Troubled U.S. economy out of ideas, out of mojo, out of gas
By Gary Lamphier, Edmonton Journal December 31, 2009
The decade with no name finally has one: The Big Zero.
That's what New York Times columnist Paul Krugman dubs the past 10 years, and in my books, his label is an apt one. For Americans, at least, the decade was a giant doughnut. As in: zero job growth, zero stock market gains, zero income growth, and zero upside for homeowners. Here in Canada, we fared much better. Average house prices doubled over the past decade, and the Toronto Stock Exchange's lead index is about 40 per cent higher than it was on Jan. 1, 2000, thanks to our abundance of resource stocks.
In Alberta, the oilsands exploded, driving economic growth, income growth, and net wealth.
Globally, there was also good news. Countries like China, India, Brazil and Russia boomed, lifting millions out of poverty, and creating a new class of wealthy citizens. That's worth applauding. South of the border, however, it's hard to find much to cheer about. Oh, there were some ups as well as downs. Before the housing market tanked, U.S. stock market indexes hit record highs in 2007.

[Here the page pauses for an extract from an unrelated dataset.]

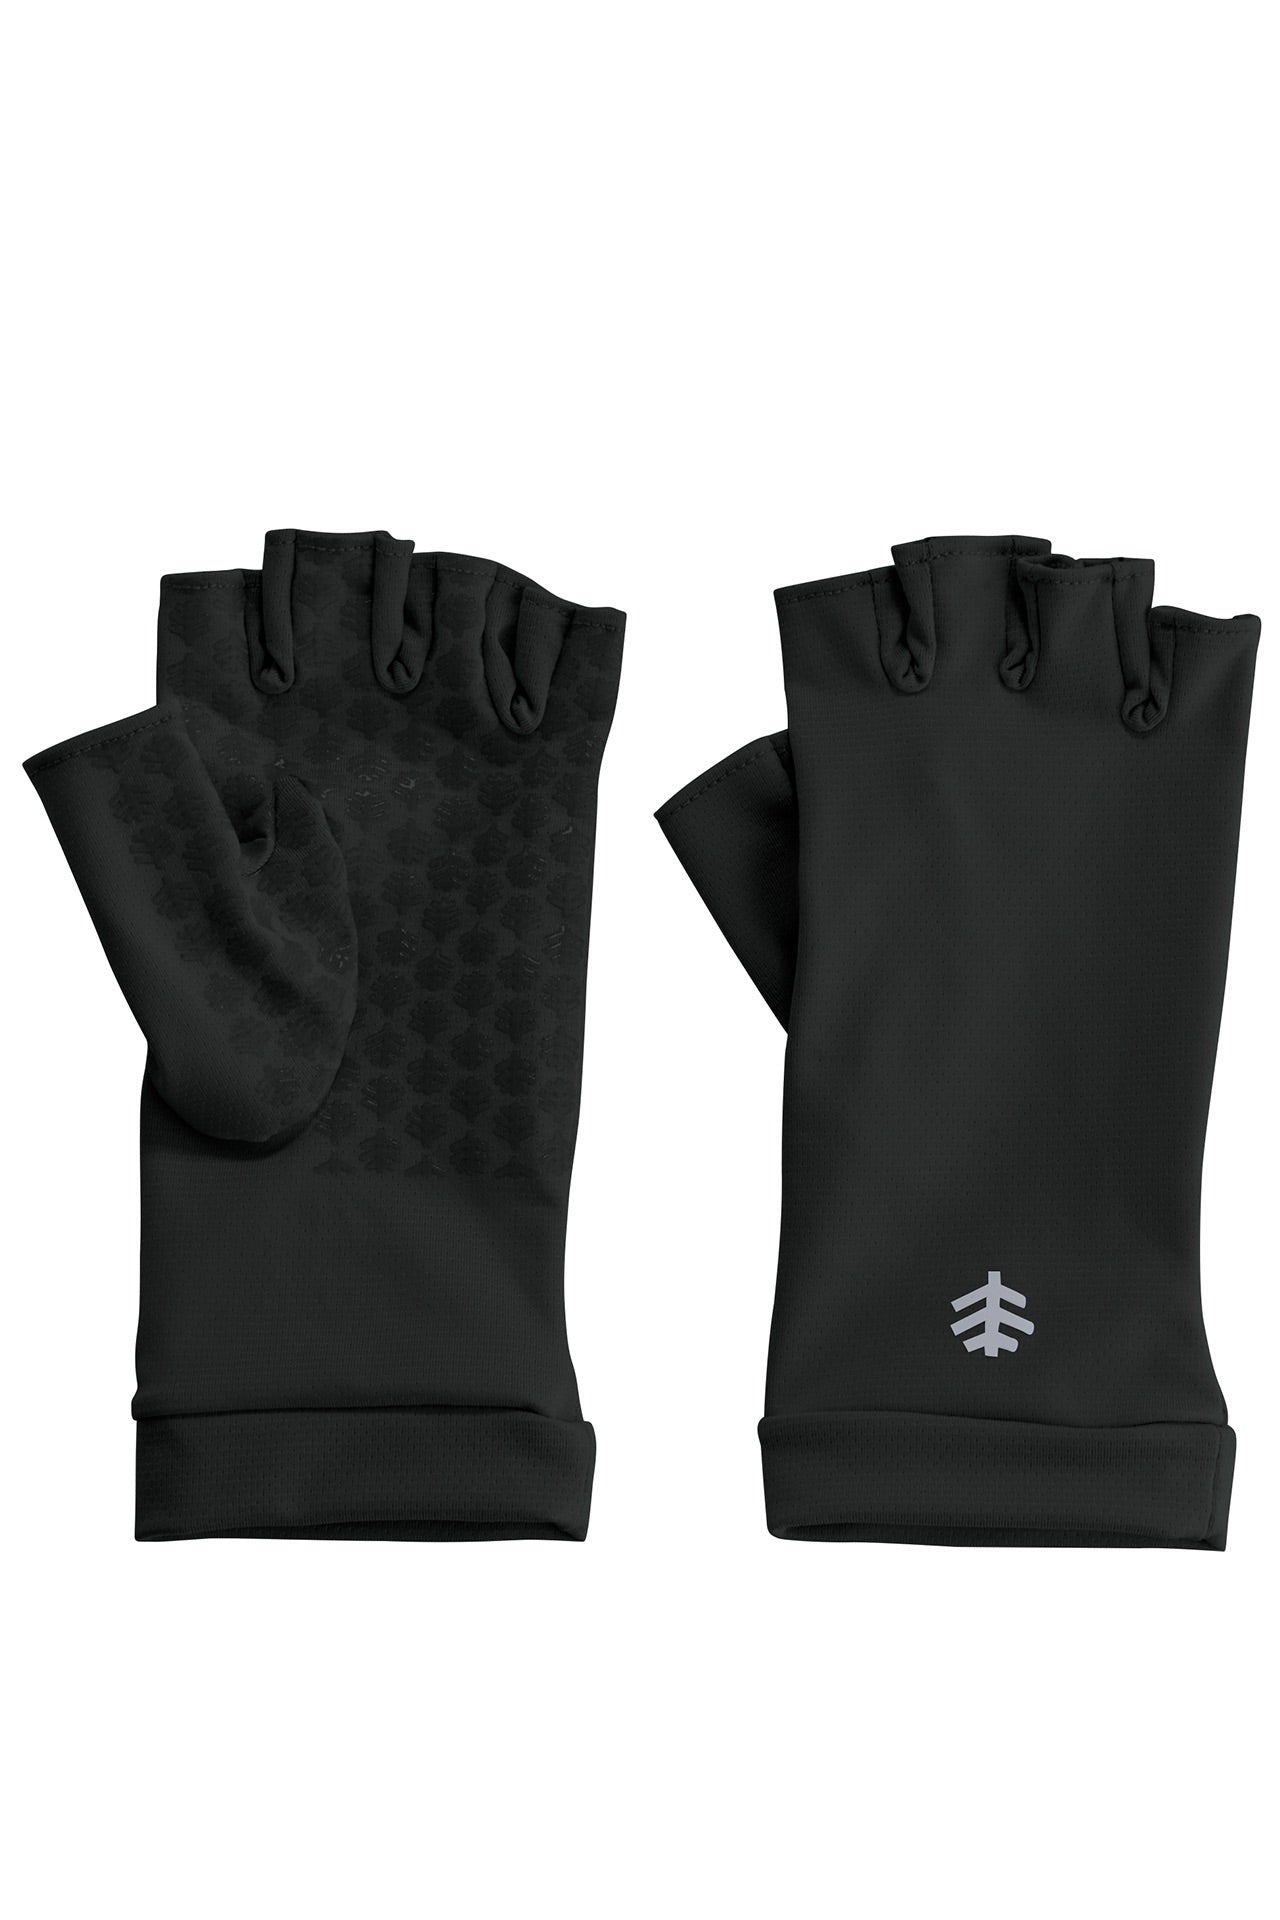 Buy Drasry UV Protection Fishing Fingerless Gloves Men Women UPF

But on a point-to-point basis, the U.S. economy has gone nowhere since Y2K dawned. The tech boom cratered, the housing bubble was built on fake money, and the grossly overhyped dot.comera largely lost its fizz (OK, so now we Tweet and spill our lives on Facebook -- how revolutionary). Corporate heavies like Enron and WorldCom went kablooey, two of Detroit's Big Three carmakers got flattened, and big banks like Lehman Brothers collapsed under the weight of their own crappy assets.
A decade ago, America's federal debt was less than $5.8 trillion US. Today it's $12.1 trillion, and rising so fast Congress was just forced to hike the debt ceiling for the umpteenth time. It won't be the last.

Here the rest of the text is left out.